Brief:
Filter the entries beneath this task, copying only the lines that hold the word "Harley".

Stored items from a collection:
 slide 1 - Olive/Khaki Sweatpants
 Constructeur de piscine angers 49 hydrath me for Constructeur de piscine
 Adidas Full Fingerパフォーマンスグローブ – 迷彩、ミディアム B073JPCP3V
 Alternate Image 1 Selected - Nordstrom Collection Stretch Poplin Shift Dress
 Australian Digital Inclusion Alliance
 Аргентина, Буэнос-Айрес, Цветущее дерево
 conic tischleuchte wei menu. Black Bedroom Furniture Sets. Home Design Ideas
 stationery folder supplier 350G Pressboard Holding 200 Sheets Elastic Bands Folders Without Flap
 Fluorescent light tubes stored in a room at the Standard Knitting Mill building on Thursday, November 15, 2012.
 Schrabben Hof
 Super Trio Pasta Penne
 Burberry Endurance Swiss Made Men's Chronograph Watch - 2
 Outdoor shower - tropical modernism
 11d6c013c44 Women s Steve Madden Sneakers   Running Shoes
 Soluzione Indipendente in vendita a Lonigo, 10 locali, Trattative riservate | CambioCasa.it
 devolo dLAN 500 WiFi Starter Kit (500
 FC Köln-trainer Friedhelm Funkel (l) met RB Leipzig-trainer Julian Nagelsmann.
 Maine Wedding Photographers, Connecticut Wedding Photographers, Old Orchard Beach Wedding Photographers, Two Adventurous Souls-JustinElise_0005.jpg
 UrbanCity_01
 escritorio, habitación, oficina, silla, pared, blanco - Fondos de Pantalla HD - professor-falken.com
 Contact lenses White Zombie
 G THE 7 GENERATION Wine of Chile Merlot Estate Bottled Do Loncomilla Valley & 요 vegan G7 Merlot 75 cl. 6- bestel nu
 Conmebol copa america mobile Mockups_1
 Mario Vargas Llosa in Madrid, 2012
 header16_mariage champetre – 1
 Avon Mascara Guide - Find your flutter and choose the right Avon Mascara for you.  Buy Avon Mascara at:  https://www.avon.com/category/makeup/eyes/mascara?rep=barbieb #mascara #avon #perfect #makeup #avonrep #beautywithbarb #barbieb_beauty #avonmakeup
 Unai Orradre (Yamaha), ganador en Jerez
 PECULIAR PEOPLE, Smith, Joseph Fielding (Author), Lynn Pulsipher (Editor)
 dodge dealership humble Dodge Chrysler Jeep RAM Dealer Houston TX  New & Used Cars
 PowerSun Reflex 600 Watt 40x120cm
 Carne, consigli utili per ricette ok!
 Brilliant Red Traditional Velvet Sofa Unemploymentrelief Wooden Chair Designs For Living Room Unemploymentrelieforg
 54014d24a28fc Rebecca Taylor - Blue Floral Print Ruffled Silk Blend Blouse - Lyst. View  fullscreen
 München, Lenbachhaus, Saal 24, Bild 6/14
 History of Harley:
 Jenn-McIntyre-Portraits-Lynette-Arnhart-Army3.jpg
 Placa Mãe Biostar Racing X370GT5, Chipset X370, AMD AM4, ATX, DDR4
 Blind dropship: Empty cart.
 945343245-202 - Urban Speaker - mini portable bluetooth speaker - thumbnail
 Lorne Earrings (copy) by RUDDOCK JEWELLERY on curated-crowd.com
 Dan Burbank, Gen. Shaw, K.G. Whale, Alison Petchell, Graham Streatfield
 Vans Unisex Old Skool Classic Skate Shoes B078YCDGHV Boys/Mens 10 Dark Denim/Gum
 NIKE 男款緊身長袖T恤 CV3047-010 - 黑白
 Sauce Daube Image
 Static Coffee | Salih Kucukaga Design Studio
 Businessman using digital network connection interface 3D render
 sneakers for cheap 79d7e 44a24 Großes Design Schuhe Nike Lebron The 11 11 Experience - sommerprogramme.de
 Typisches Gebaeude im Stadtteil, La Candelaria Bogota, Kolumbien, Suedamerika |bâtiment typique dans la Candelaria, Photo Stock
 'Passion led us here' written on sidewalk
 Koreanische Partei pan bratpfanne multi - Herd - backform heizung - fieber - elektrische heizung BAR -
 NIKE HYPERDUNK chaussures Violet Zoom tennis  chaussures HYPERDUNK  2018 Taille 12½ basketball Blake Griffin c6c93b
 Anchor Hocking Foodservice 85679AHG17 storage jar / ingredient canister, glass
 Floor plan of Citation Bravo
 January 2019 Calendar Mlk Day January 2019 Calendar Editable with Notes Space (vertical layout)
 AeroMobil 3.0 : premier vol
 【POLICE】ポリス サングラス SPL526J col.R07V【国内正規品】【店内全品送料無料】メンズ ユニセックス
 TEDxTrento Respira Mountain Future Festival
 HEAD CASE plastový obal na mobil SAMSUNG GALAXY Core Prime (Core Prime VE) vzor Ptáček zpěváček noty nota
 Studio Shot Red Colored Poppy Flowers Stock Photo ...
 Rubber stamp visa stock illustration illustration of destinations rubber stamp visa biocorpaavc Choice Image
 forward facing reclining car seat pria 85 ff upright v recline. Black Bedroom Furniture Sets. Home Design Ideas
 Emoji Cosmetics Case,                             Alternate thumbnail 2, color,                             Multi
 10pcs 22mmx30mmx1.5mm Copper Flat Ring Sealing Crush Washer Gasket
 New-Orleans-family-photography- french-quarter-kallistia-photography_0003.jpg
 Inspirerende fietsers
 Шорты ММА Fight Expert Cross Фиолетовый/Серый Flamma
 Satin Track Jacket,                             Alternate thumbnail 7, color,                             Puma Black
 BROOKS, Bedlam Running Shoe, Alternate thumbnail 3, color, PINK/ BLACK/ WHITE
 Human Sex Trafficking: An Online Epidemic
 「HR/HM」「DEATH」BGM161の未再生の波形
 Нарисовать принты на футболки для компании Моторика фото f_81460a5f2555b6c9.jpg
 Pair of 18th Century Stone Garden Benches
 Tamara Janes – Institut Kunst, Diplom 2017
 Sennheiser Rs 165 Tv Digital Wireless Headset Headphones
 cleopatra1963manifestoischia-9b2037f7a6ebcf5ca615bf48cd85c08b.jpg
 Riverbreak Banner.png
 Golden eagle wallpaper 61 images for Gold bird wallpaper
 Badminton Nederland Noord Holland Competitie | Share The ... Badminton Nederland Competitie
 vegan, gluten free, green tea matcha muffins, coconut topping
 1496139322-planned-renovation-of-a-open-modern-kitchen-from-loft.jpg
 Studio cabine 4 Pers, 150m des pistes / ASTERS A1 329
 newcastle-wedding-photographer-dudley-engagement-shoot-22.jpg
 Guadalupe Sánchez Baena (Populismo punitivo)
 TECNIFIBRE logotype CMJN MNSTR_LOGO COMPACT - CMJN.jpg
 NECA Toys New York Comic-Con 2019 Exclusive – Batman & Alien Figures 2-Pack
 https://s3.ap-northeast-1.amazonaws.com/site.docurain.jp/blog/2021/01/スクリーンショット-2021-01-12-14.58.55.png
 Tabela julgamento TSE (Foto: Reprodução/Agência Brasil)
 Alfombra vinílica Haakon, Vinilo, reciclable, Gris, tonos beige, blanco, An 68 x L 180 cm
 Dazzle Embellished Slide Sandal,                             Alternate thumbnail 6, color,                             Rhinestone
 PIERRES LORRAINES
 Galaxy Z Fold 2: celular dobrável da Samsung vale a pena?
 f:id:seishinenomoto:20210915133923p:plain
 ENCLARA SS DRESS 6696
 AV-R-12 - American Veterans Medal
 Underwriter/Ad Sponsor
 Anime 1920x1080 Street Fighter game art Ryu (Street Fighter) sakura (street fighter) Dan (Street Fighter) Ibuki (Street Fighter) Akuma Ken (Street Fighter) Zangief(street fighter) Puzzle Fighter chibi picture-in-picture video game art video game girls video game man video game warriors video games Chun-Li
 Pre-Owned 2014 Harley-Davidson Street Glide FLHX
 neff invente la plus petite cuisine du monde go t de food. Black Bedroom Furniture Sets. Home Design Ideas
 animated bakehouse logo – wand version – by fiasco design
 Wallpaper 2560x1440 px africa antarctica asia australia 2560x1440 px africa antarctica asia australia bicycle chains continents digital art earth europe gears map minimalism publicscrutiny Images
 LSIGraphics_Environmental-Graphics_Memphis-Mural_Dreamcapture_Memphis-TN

Written answer:
 History of Harley:
 Pre-Owned 2014 Harley-Davidson Street Glide FLHX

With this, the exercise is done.